Canonical Runtime Values

  • cpu
  • mps
  • cuda
  • rocm
  • onnx_cpu
  • onnx_cuda
  • onnx_rocm
  • tensorrt

Integration Checklist (Required)

1) Define a pipeline key

Add a stable pipeline name and use it in runtime gating.

Current examples:

  • yolo_obb_detection
  • yolo_pose
  • sleap_pose

For future additions, use names like:

  • appearance_embedding
  • contrastive_embedding
  • apriltag_classifier
  • colortag_classifier

2) Add capability rules

Update _pipeline_supports_runtime(...) in compute_runtime.py so the new pipeline explicitly defines supported runtimes.

Rules must be strict:

  • If unsupported, return False.
  • Do not silently remap unsupported runtime to a different backend.

3) Add runtime translation

If the pipeline consumes legacy backend knobs, add mapping from compute_runtime to backend settings.

Examples already used:

  • Detection: yolo_device, enable_onnx_runtime, enable_tensorrt
  • Pose: pose_runtime_flavor, pose_sleap_device

4) Wire UI intersection gating

Ensure the UI includes the new pipeline in the runtime context set.

MAT pattern:

  • Gather enabled pipeline set.
  • Call allowed_runtimes_for_pipelines(...).
  • Populate runtime dropdown from the intersection.

PoseKit uses the same pattern for active prediction backend scope.

5) Implement runtime lifecycle

If the integration has long-lived resources (service/subprocess/session), lifecycle must be run-scoped:

  • Initialize once per run.
  • Warmup once.
  • Close on complete/error/cancel.

Use existing runtime manager/service patterns where possible.

6) Export artifacts automatically

If ONNX/TensorRT export is needed:

  • Generate artifacts automatically.
  • Store artifacts adjacent to model paths.
  • Save runtime metadata signature for freshness checks.
  • Never require a manual export path for normal operation.
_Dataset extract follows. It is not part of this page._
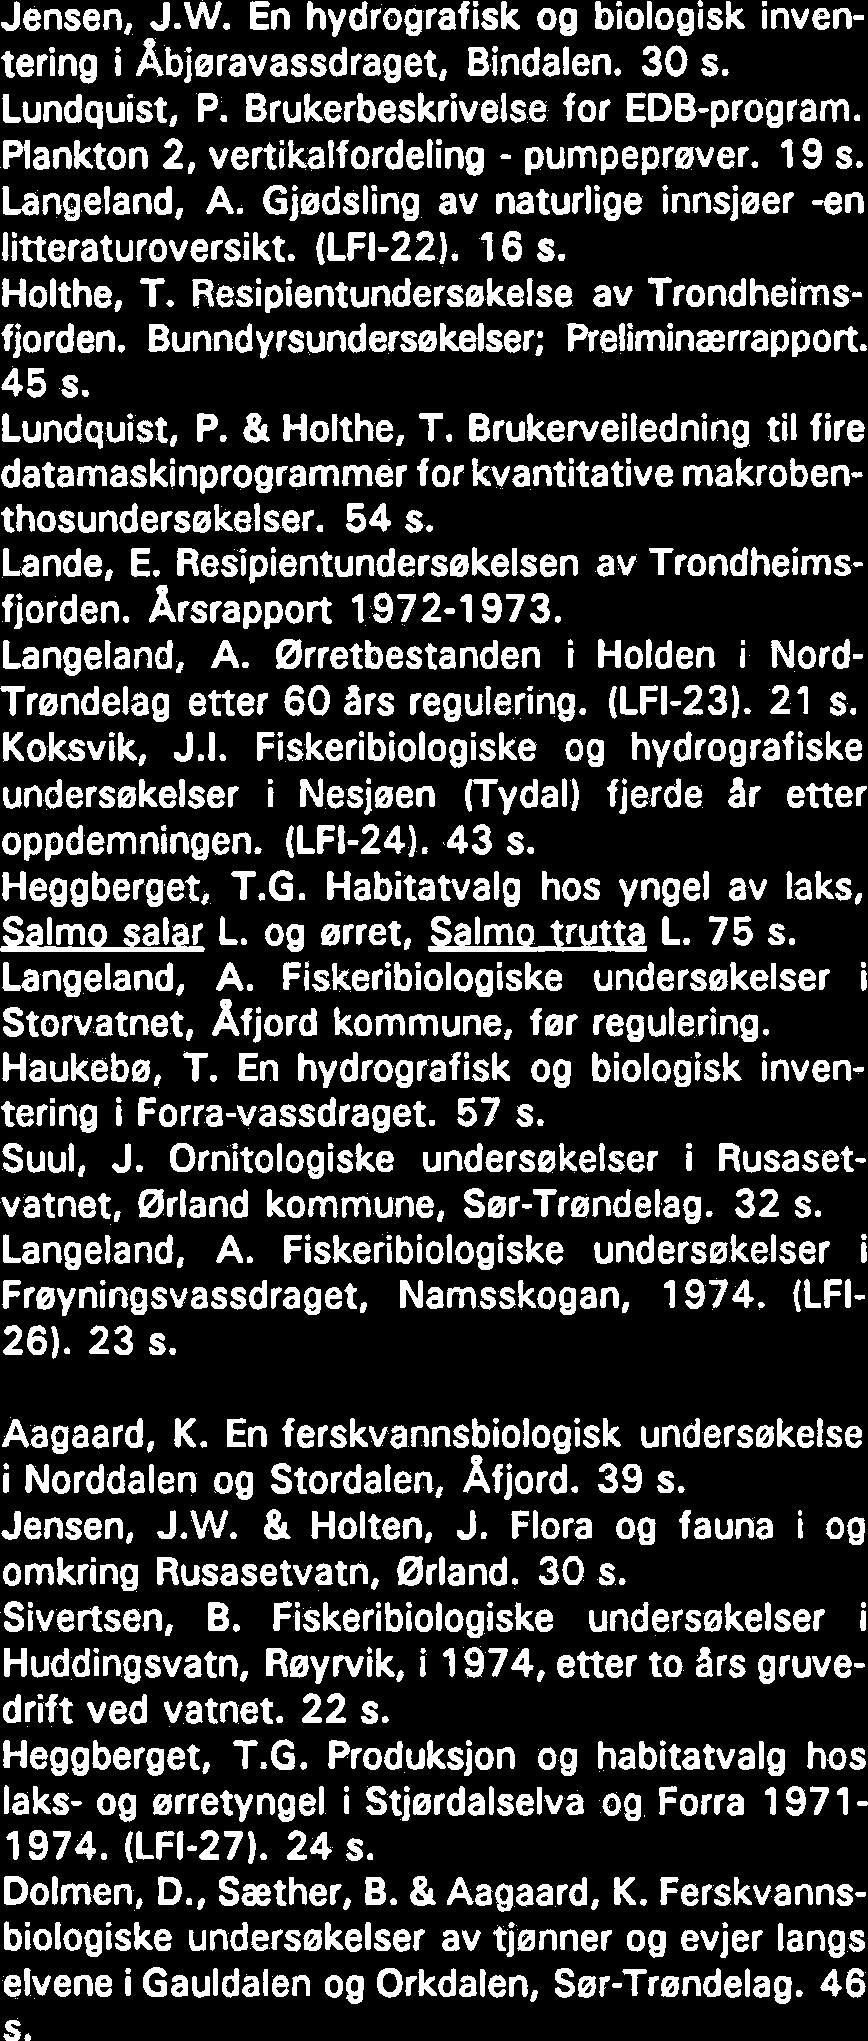 Fiskeribiologiske undersekelser i de lakseferende deler av Abjeravassdraget 1973. (LFI-23). 15 S. Jensen, J.W. En hydrografisk og biologisk inventering i Abjeravassdraget, Bindalen. 30 s.

7) Keep cache keys runtime-correct

Any cached output that depends on runtime/model/export shape must include those inputs in cache identity.

For new features:

  • Include model fingerprint and runtime flavor in cache signatures.
  • Include feature-specific shaping params (for example max instances, embedding dimension, preprocessing mode).

8) Lock controls during compute

UI controls that could invalidate active runtime sessions must be disabled while jobs are running.

This prevents mid-run backend switches and thread crashes.

9) Add tests (minimum bar)

Add/extend tests for:

  • Capability matrix and intersection gating.
  • Runtime translation determinism from compute_runtime.
  • Migration from legacy config values.
  • Lifecycle correctness (startup/teardown on success and failure).
  • Artifact auto-export + freshness behavior.
  • Failure fallback behavior with explicit logging.

End-to-End Acceptance Criteria

A new model/method integration is complete only when:

  1. It appears in runtime gating with explicit support rules.
  2. It runs from canonical compute_runtime without extra runtime selectors.
  3. Its ONNX/TensorRT artifacts are auto-managed (if applicable).
  4. Caches remain valid and runtime/model-aware.
  5. MAT and PoseKit behavior is consistent where the feature exists.

Common Anti-Patterns (Do Not Add)

  • Hidden runtime remapping (onnx_* requested, CPU used without notice).
  • Feature-specific runtime dropdowns when global runtime is available.
  • Manual exported-model-path requirements for standard workflows.
  • Runtime checks scattered across GUI/business logic without shared resolver usage.